Zuletzt aktualisiert: 17. Dezember 2015

www.profi-kochrezepte.de ist eine Website mit vielen leckeren Rezepten. Doch die Verbraucherzentrale Thüringen sieht darin eine Abofalle, denn für Verbraucher sei es nicht auf Anhieb ersichtlich, dass es sich hierbei um ein kostenpflichtiges Angebot für Gewerbetreibende handelt, so die Verbraucherschützer. „Zahlreiche Verbraucher sind darauf bereits im Internet hereingefallen“, heißt es weiter.

profi-kochrezepte.de richtet sich zwar ausdrücklich an Unternehmen und schließt in den Allgemeinen Geschäftsbedingungen (AGB) Verbraucher von der Nutzung aus, dennoch ist die Anmeldung problemlos möglich, beklagt der Verbaucherschutz. Die gesetzlich vorgeschriebene „Button-Lösung“ für Konsumenten beachte die Firma B2B Web Consulting nicht, die die Seite betreibt. Mit einem Klick auf „Jetzt anmelden“ anstelle von z.B. „Jetzt kostenpflichtig bestellen“ schließe der Nutzer ein zweijähriges Abo ab.

Tatsächlich heißt es wörtlich auf Profi Kochrezepte:

Die Nutzung des Angebots ist ausschließlich für Firmen, Gewerbetreibende, Vereine, Handwerksbetriebe, Behörden oder selbständige Freiberufler im Sinne §14 BGB zulässig. Durch Drücken des Buttons „Jetzt anmelden“ entstehen Ihnen Kosten von 238,80 Euro zzgl. Mwst pro Jahr (12 Monate zu je 19,90 Euro) bei einer Vertragslaufzeit von 2 Jahren.

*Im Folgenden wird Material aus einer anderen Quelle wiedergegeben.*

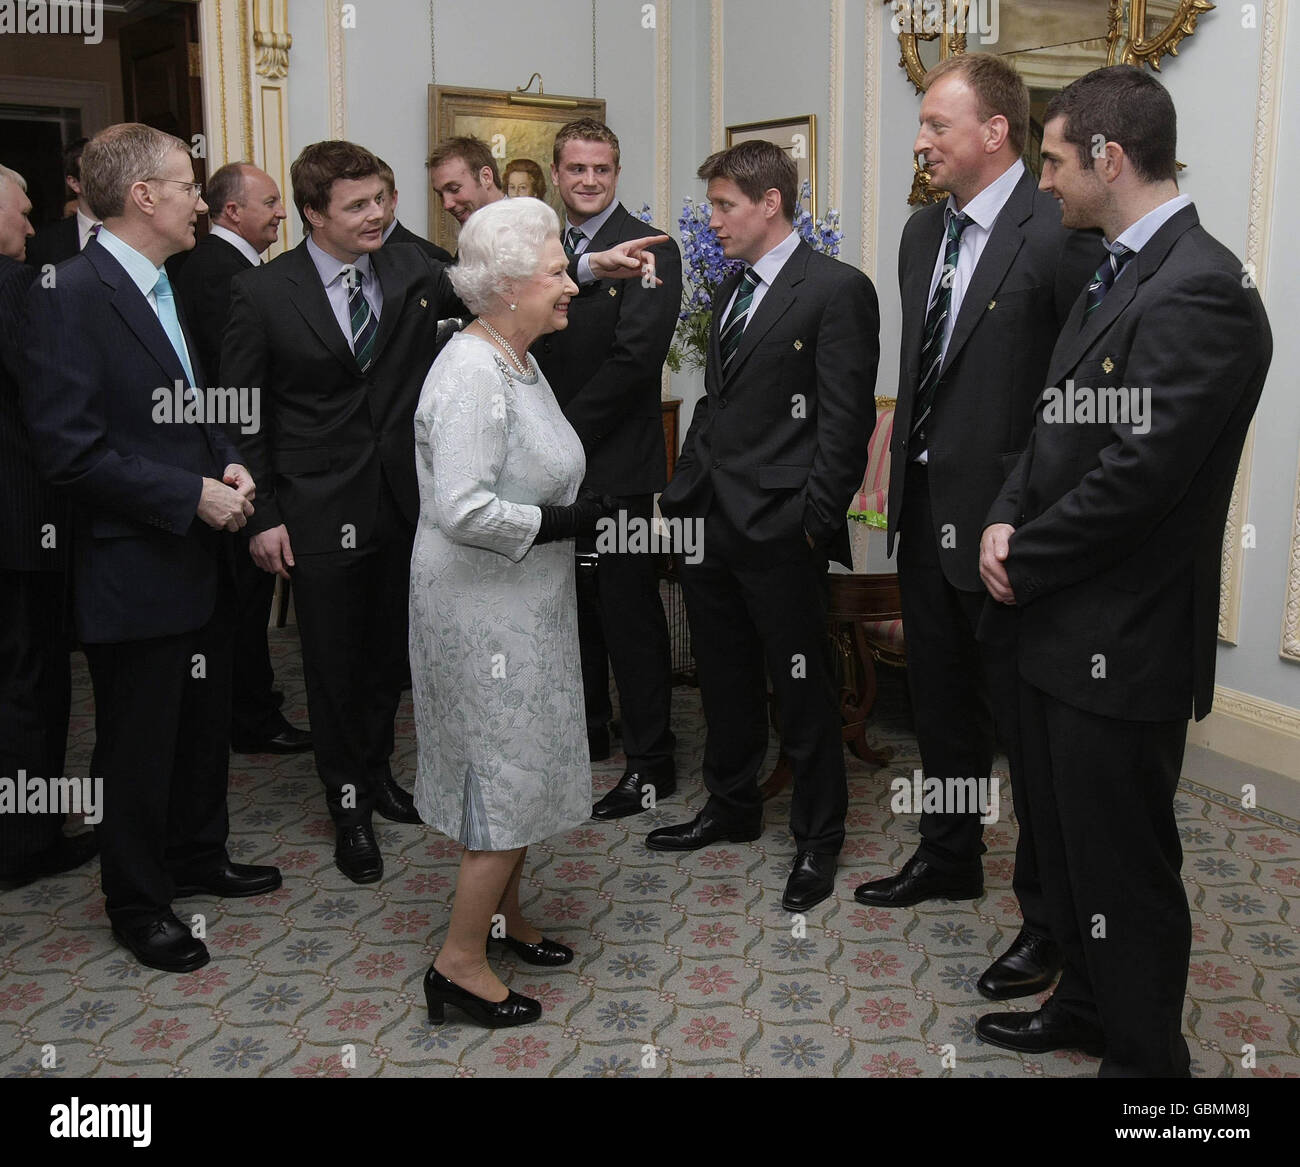 La reine Elizabeth II rencontre des membres de l'équipe irlandaise de rugby à XV 6 Nations du Grand Chelem au château de Hillsborough le deuxième jour de sa visite en Irlande du Nord. Banque D'Images

Im Internet sind zahlreiche Beschwerden von Leuten zu finden, die eine Rechnung erhalten haben oder auch eine Mahnung, wie es heißt. Wie man Profi Kochrezepte möglichst schnell kündigen kann, ist ebenfalls ein Thema. Wie sieht es rechtlich aus? Muss man als Verbraucher für die Rezepte zahlen?

„Keinesfalls zahlen“, rät der Verbraucherschutz

„Problematisch ist auch, dass das Feld ‚Firma‘ bei der Anmeldung kein Pflichtfeld ist“, sagt Ralf Reichertz, Rechtsreferent der Verbraucherzentrale Thüringen. „Verbraucher sollten keinesfalls zahlen und sich nicht einschüchtern lassen“, so Herr Reichertz weiter.

In vergleichbaren Fällen ist es üblich zu bestreiten, dass überhaupt ein Vertrag zustande gekommen ist, den Vertrag wegen arglistiger Täuschung (§ 123 Abs. 1 BGB) anzufechten sowie hilfsweise fristlos zu kündigen. Wenn mit Inkasso und Schufa gedroht wird: der Forderung sollte man ausdrücklich widersprechen, denn nur unbestrittene Forderungen dürfen bei Auskunfteien wie der SCHUFA angemeldet werden, sagen Anwälte. Allerdings muss man sich bei Profi Kochrezepte sicher jeden Fall genau anschauen, was denn genau zum Abo führte.